WLBH-FM
- Mattoon, Illinois; United States;
- Broadcast area: Mattoon, Illinois Charleston, Illinois Effingham, Illinois
- Frequency: 96.9 MHz

Programming
- Format: Defunct

Ownership
- Owner: James R. Livesay II; (Mattoon Broadcasting Company);
- Sister stations: WLBH

History
- First air date: August 1949

Technical information
- Facility ID: 40703
- Class: B
- ERP: 50,000 watts
- HAAT: 500 feet

= WLBH-FM =

Radio station in Mattoon, Illinois (1949–2018)

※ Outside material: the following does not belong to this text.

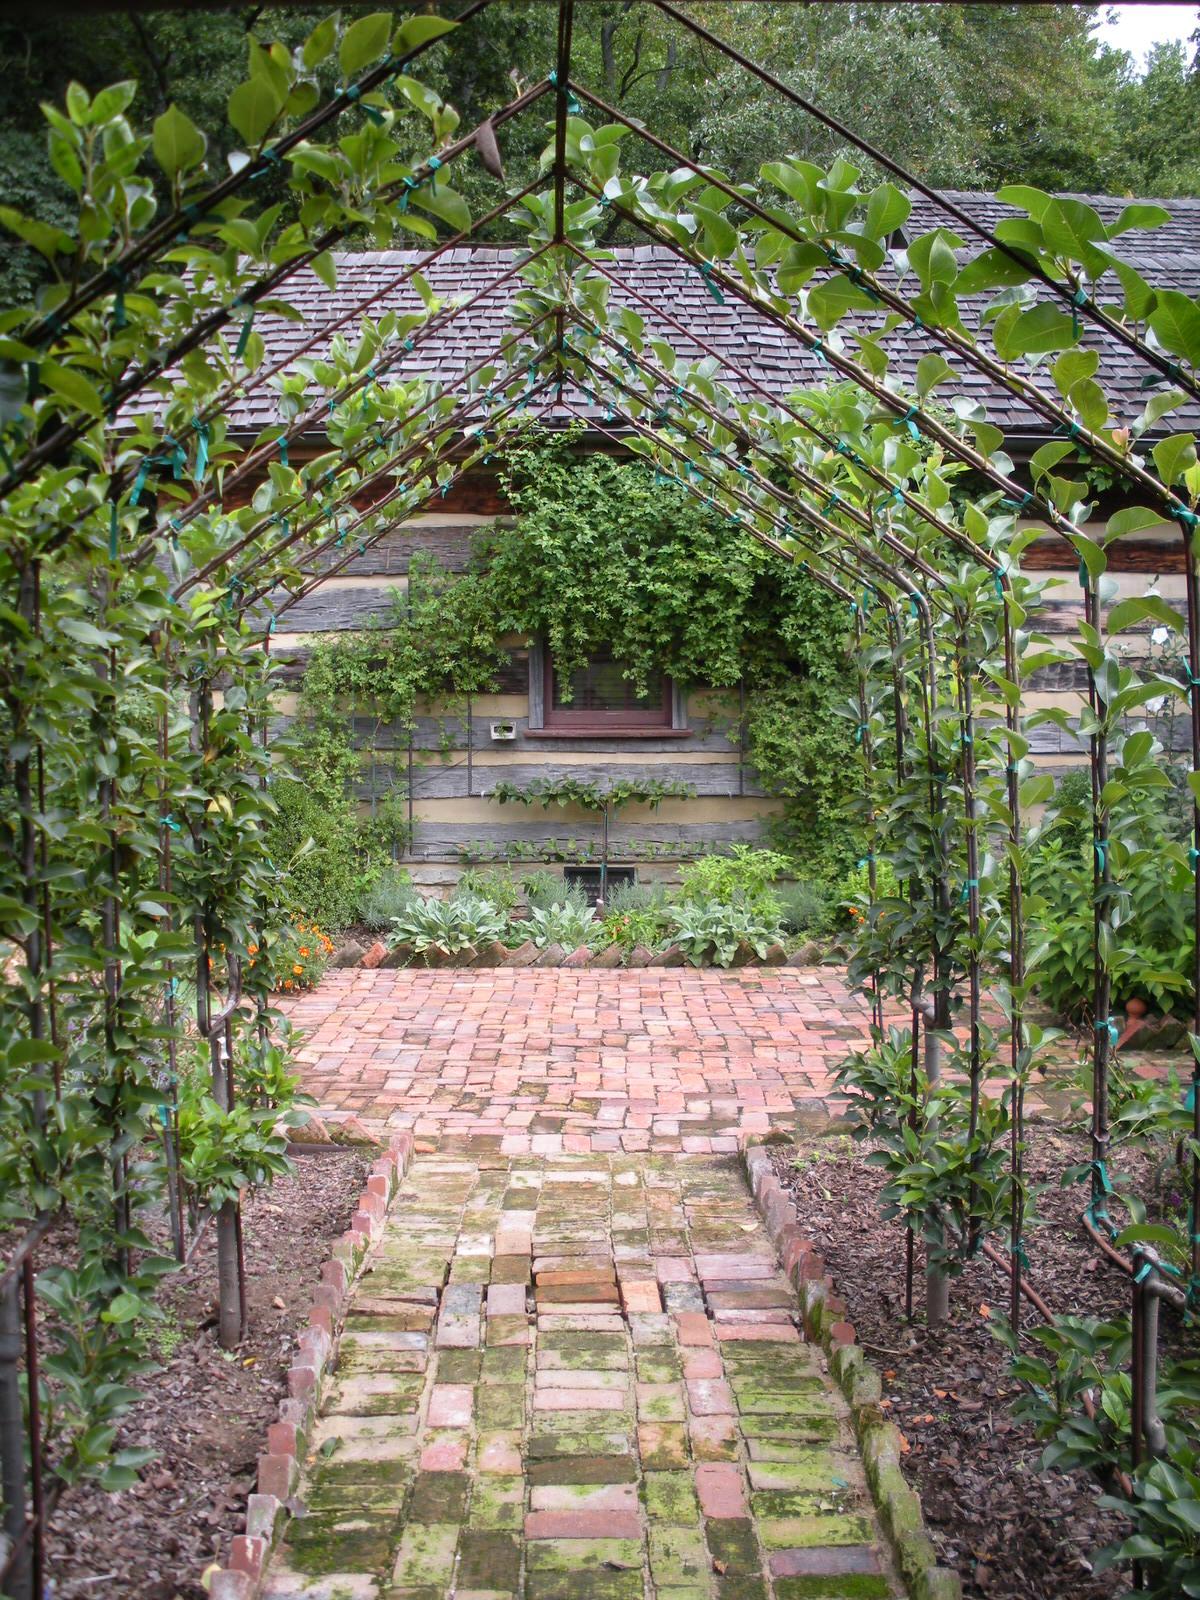 Justin Stelter Landscape Gardening - Country Garden - Justin Stelter Landscape Gardening - Country Garden2886248453_80e769320b_o.jpg

WLBH-FM (96.9 FM) was a radio station licensed to Mattoon, Illinois, United States. The station began broadcasting in August 1949, and originally had an ERP of 23 kW at an HAAT of 190 feet. In 1974, the station's ERP was increased to 50,000 watts at an HAAT of 500 feet. The station was originally owned by James Ray Livesay, and was later owned by his son James R. Livesay II.

The station had long aired a beautiful music format. On October 16, 1995, the station switched to an adult contemporary format, branded "Lite 97". Shortly thereafter, the station's branding was changed to "Magic 97". The station would continue airing an adult contemporary format into the 2000s.

WLBH-FM's licensed was cancelled in 2018, after having been off the air for an indeterminate amount of time, following a break-in at the station's transmitter site which occurred on December 14, 2017, in which the station's transmitter was destroyed and broadcasting equipment was stolen.